Saved entries:
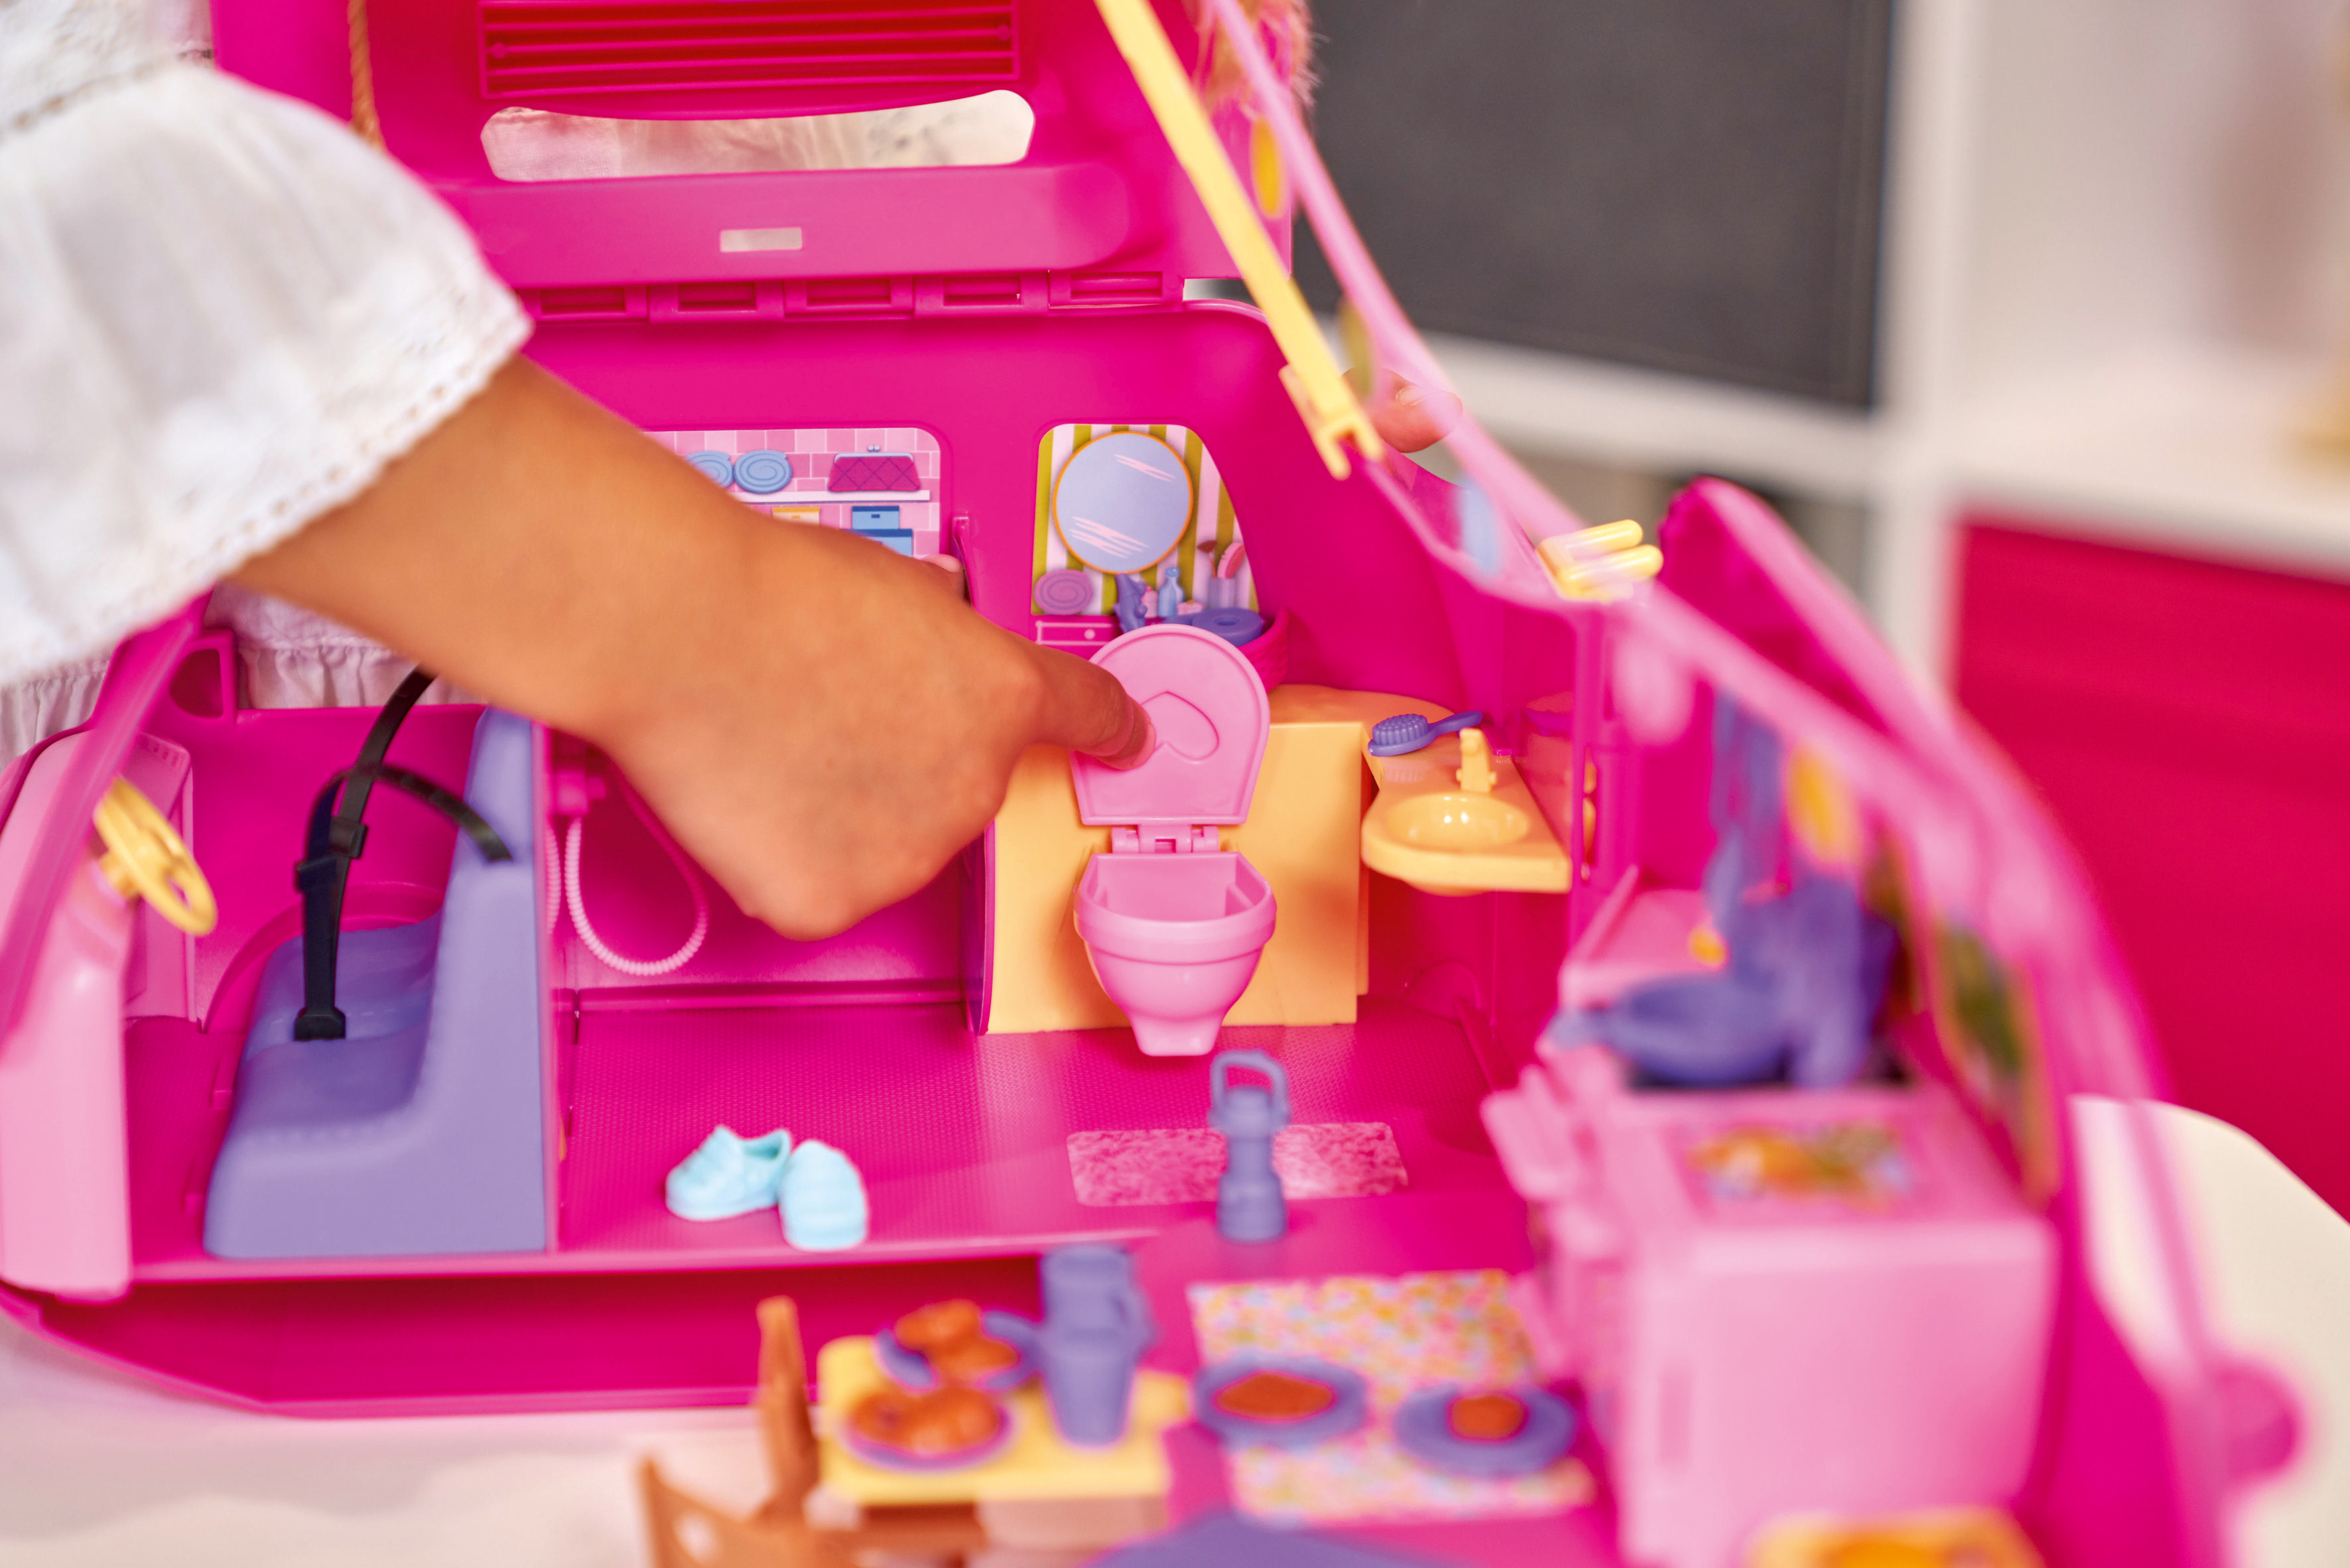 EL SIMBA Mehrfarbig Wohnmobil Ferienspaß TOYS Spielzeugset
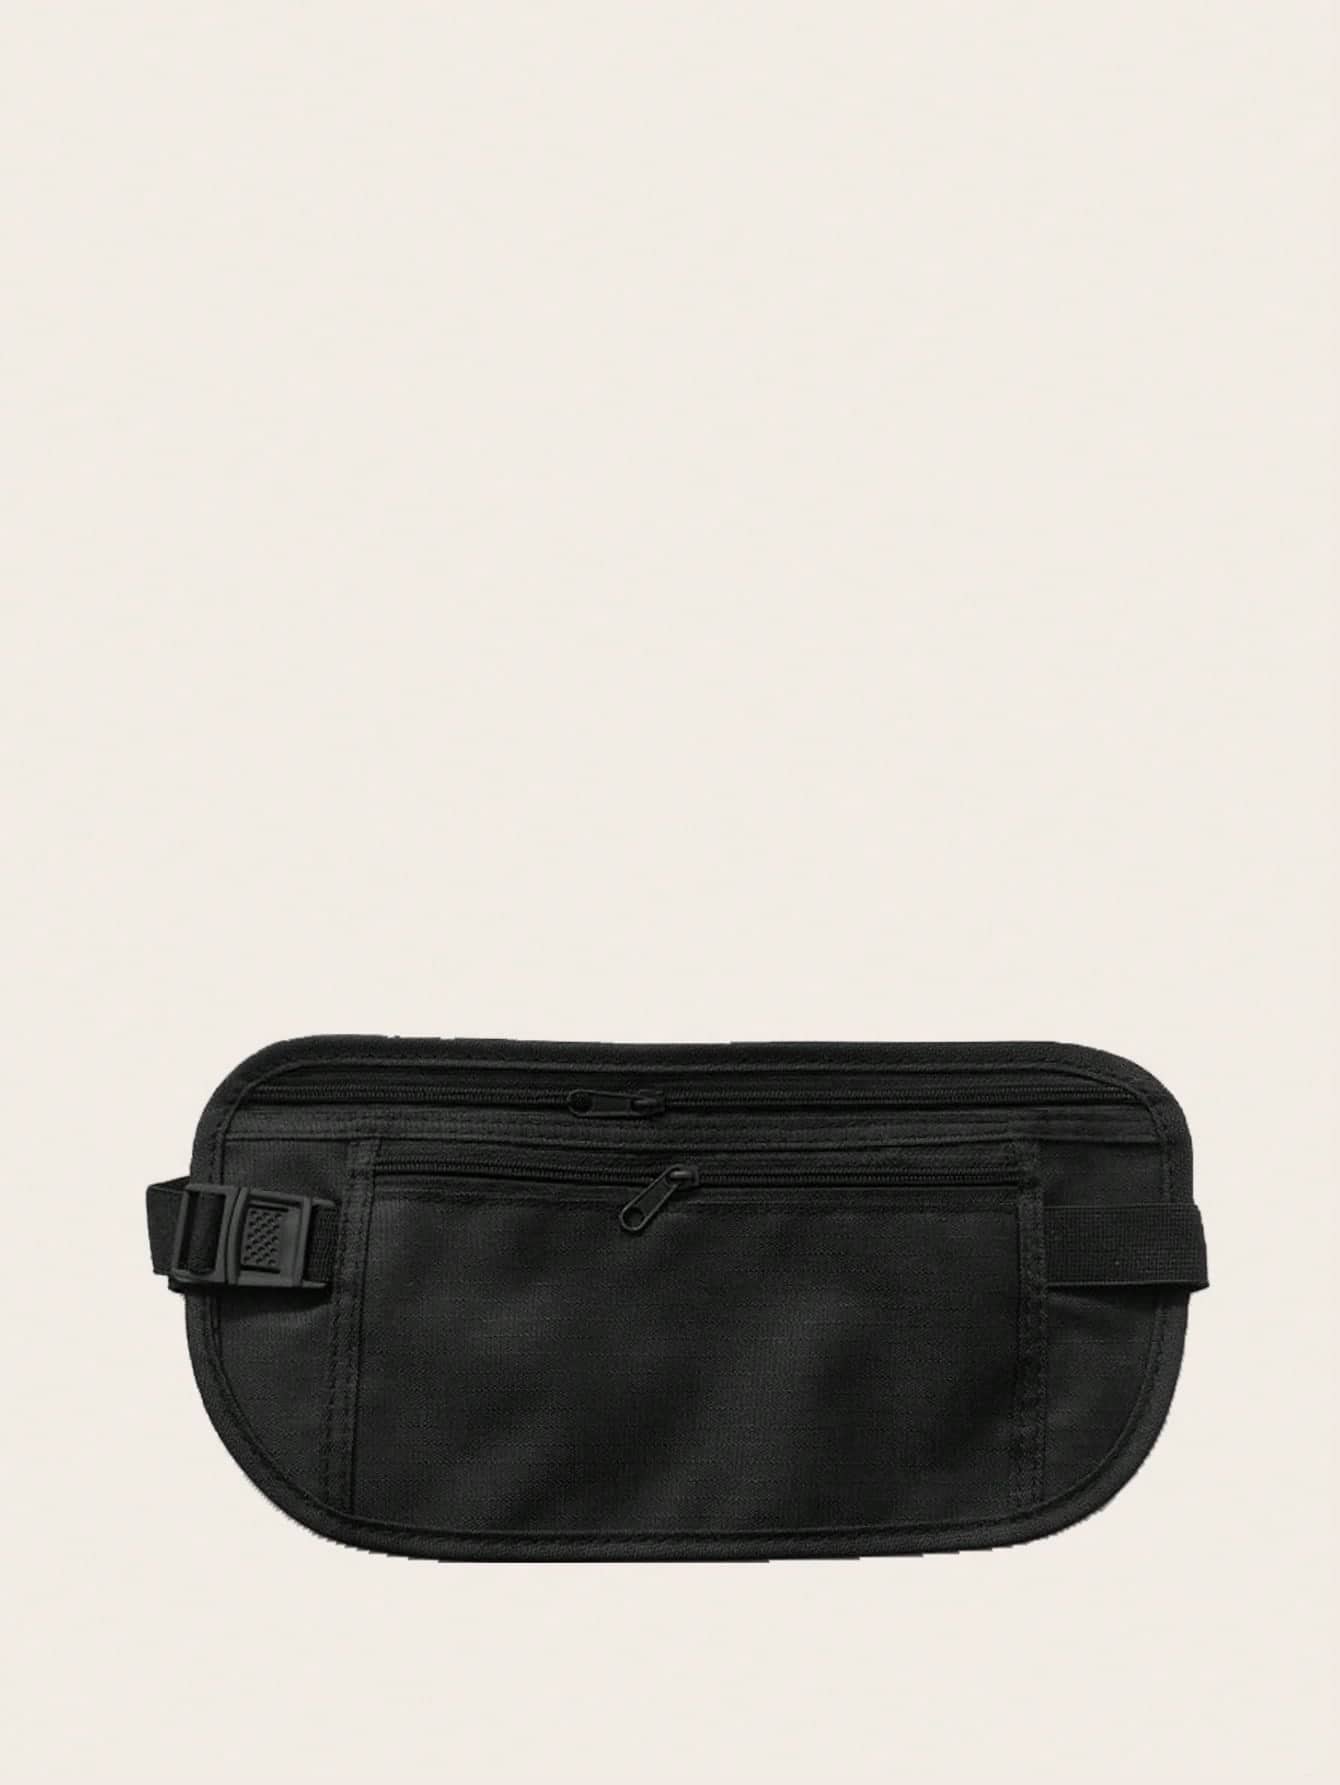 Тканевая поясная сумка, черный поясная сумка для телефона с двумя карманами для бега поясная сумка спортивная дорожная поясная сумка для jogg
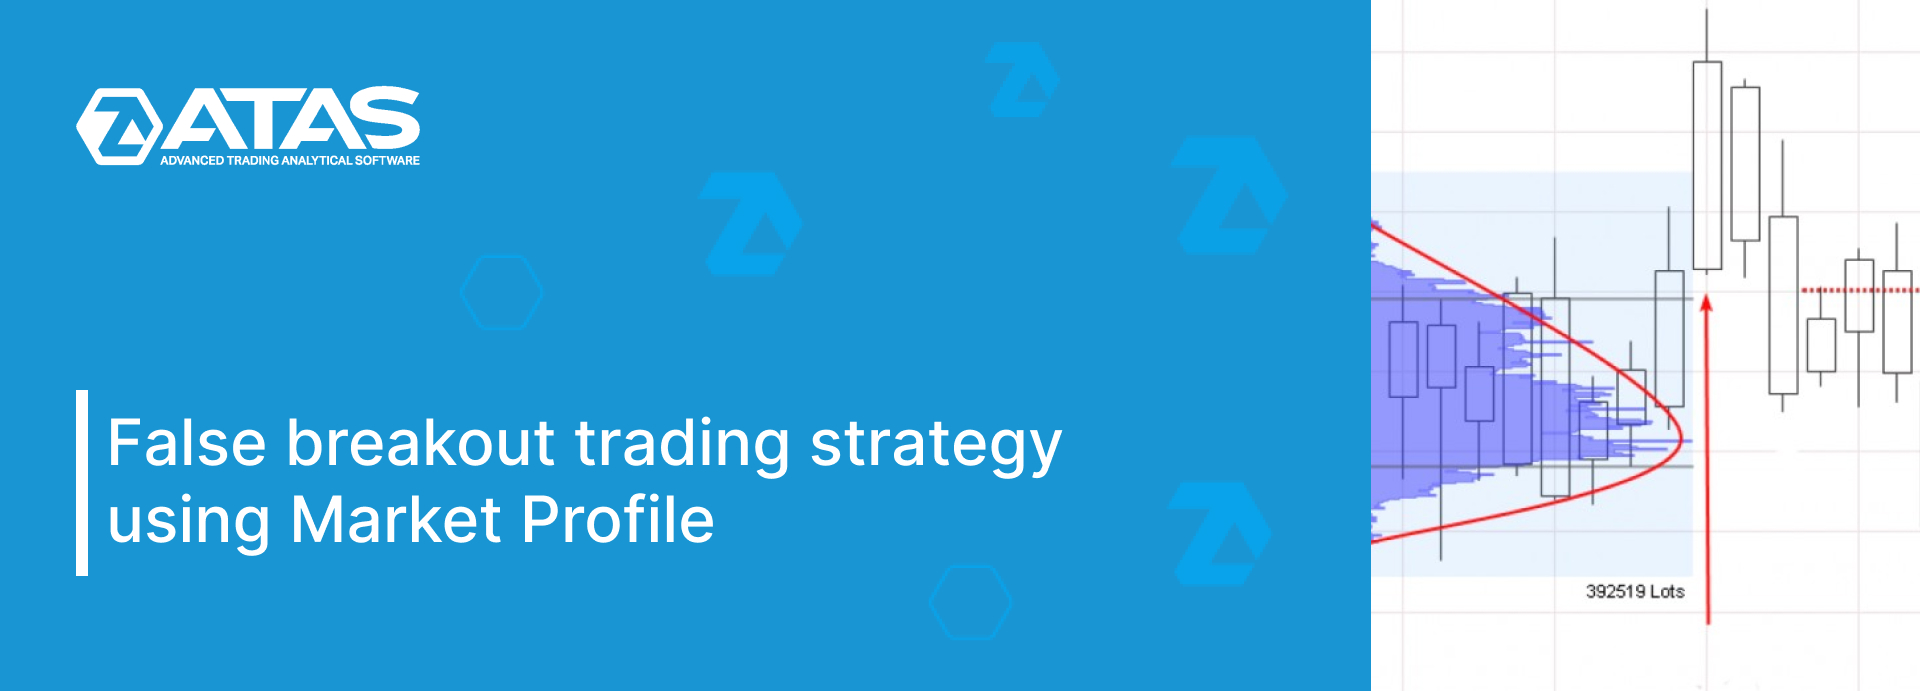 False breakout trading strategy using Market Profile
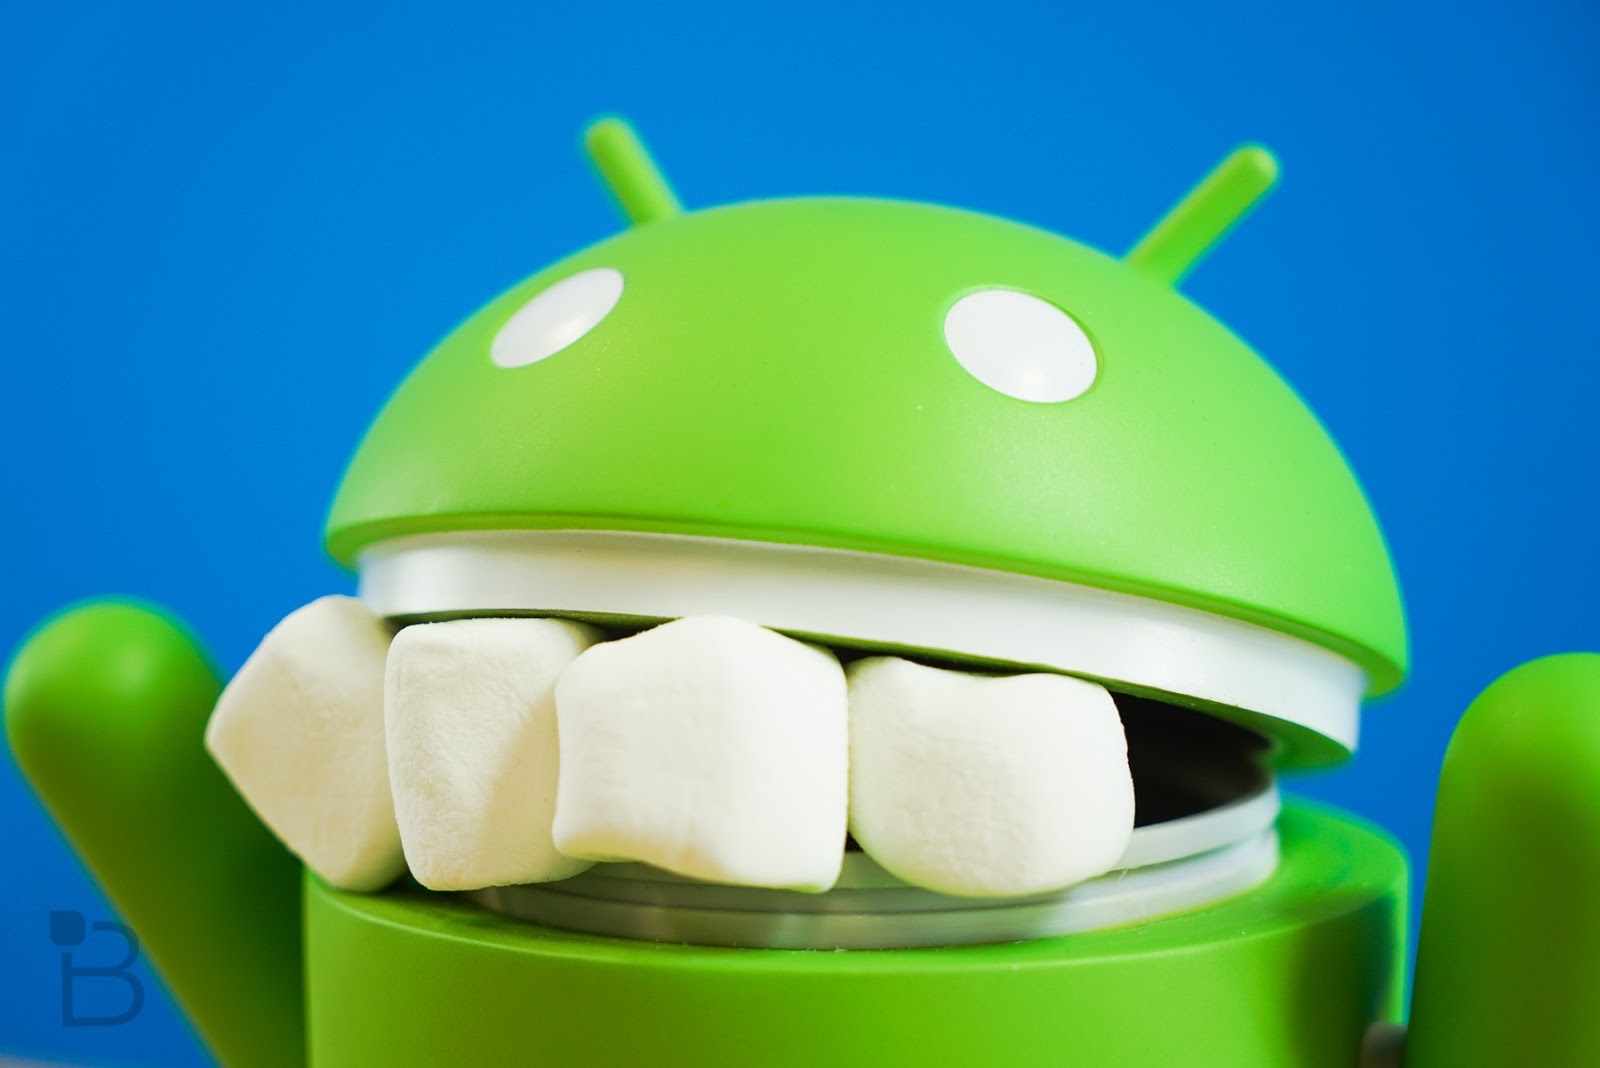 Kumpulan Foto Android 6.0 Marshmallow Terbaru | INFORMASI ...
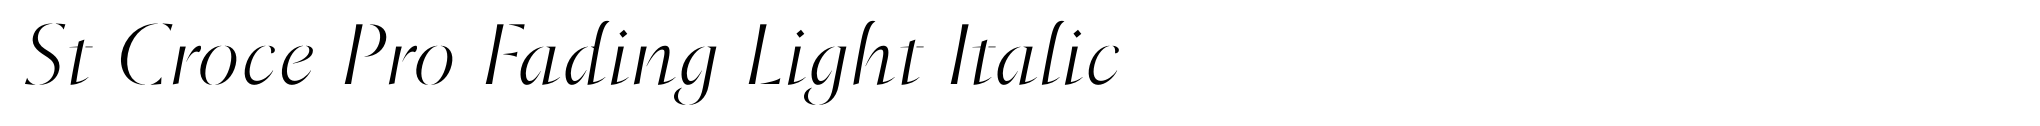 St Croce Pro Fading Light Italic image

- **Requirement**
Pictures aside, every entry above must be repeated exactly.

- **Solution to this exercise**
 EL SIMBA Mehrfarbig Wohnmobil Ferienspaß TOYS Spielzeugset
 Тканевая поясная сумка, черный поясная сумка для телефона с двумя карманами для бега поясная сумка спортивная дорожная поясная сумка для jogg
 False breakout trading strategy using Market Profile
 Kumpulan Foto Android 6.0 Marshmallow Terbaru | INFORMASI ...
 St Croce Pro Fading Light Italic image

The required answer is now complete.